The group coming off of 370+ carry seasons has a 10-15 record against the median of the group coming off of 344-369 carry seasons. That is exactly one standard error below what would be expected if the groups were presumed equal. (If each RB from the first group, in accordance with the null hypothesis, has a 50% chance of beating the median from the second group, the standard error is just the difference between the RBs who beat that median and the RBs who are beaten by it, divided by the square root of the sample size - in this case, five divided by the square root of 25, or one.)

So not only does that fall short of the four standard errors generally required when back-testing a hypothesis against the data used to form it, but it even falls short of the two standard errors generally required when testing a hypothesis against fresh data.

Are those really the appropriate standards, though? It depends.

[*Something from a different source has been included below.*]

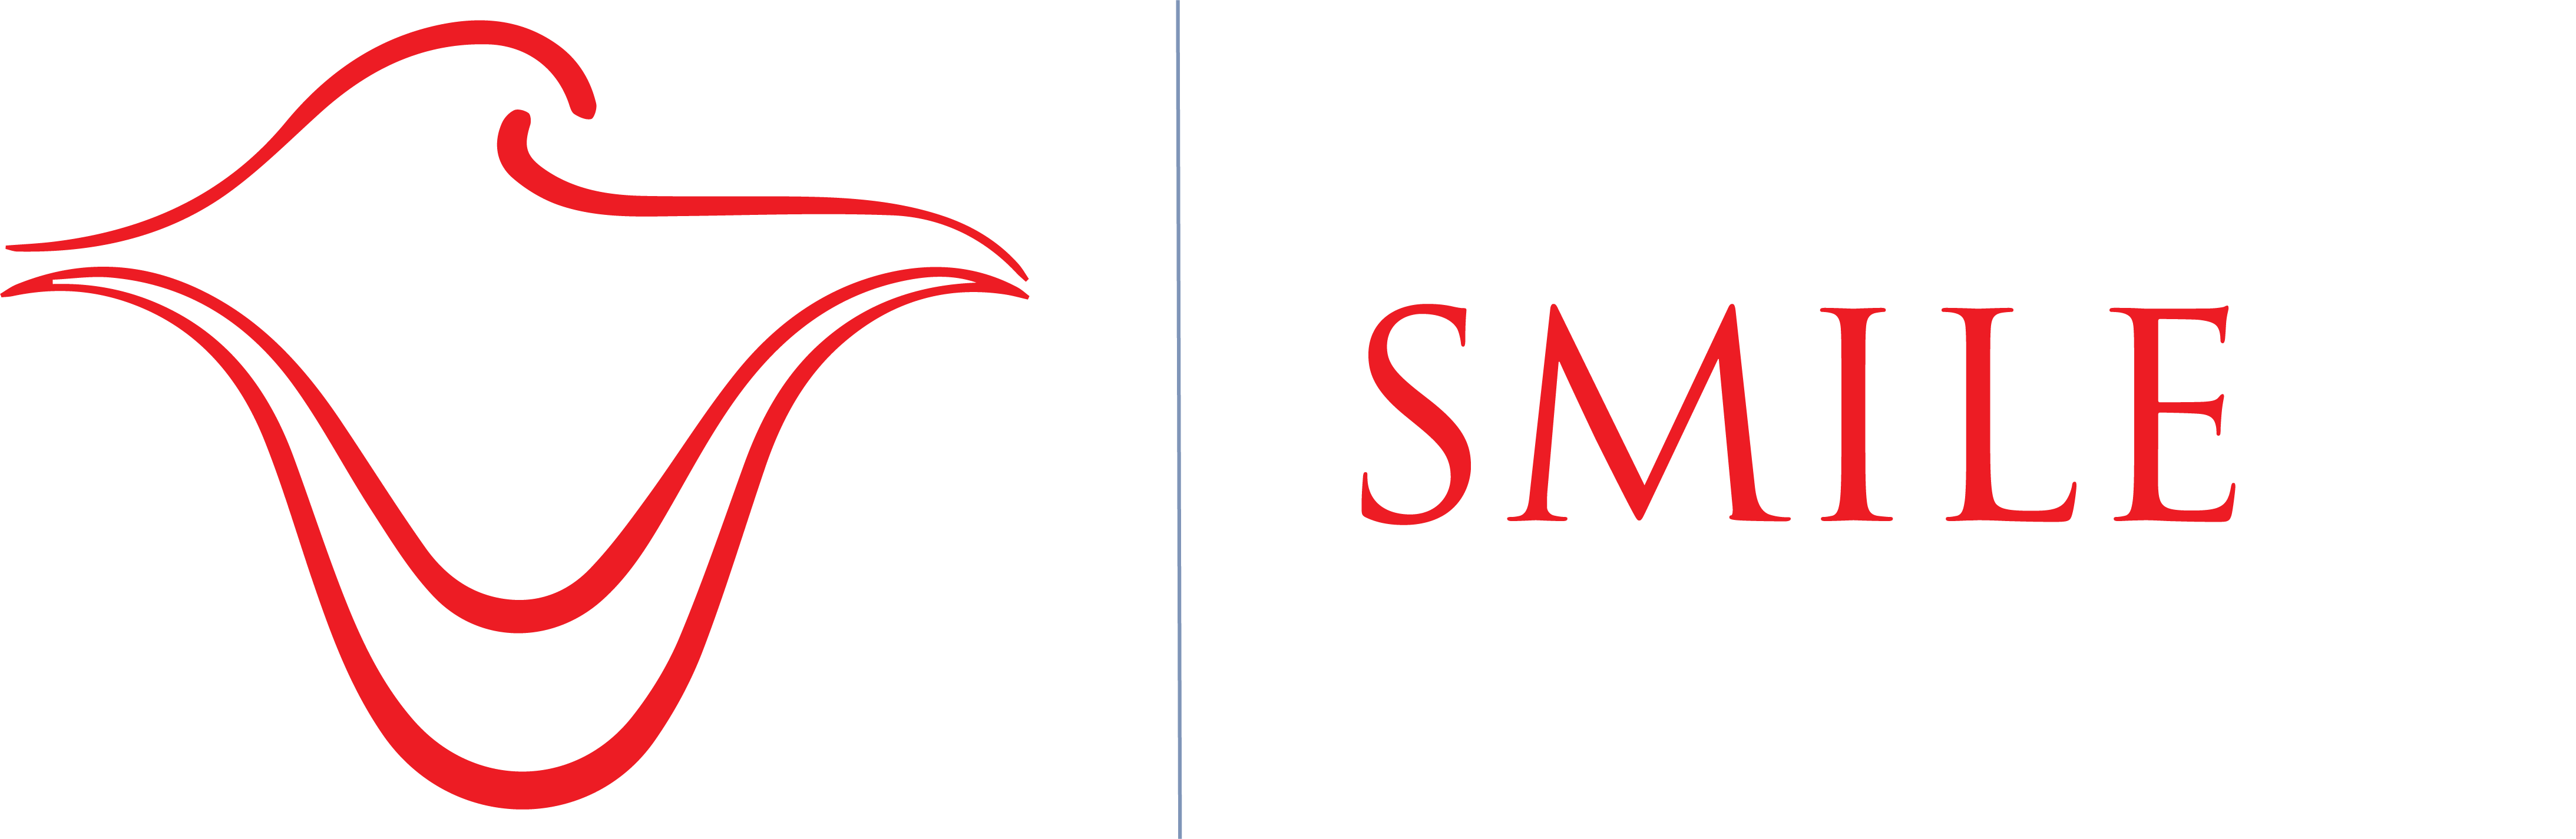 Brite-Smile-Logo-Original-White-2020

Those standards are overly stringent if we care only about whether a hypothesis is more likely to be true than not. If we have Larry Johnson and Frank Gore otherwise rated exactly evenly, for example, and are using the "Curse of 370" strictly as a tiebreaker, then we would not need airtight evidence of the Curse to pass on Johnson for Gore - a mere scintilla would suffice. But if we otherwise have Johnson rated solidly ahead of Gore, then we should want to be rather more confident in the Curse before selecting Gore instead of Johnson.

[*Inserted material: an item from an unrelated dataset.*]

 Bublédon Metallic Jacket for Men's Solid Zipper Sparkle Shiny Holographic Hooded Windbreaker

There is a sort of sliding scale. Assuming we like Johnson better than Gore before considering the curse, then the larger the difference between the two, the more confident we would need to be in the reality of the Curse before we should pass on Johnson.

While I would consider the Curse to be unconfirmed from a statistical standpoint, my tentative view is that, beyond a certain workload in Year N, a running back's productivity in Year N+1 will probably be adversely affected. But the sample of very high-volume runners is currently small enough that it's hard to draw any firm conclusions about what the cutoff point is (although it is very likely below 417 carries), what categories of runners are most likely to be affected (e.g., does college workload count?), or how it should be quantified. This is especially true since many of the runners in that sample played in a slightly different era, with different equipment and different medical treatment available and so on.

Personally, I am drafting Larry Johnson third this year.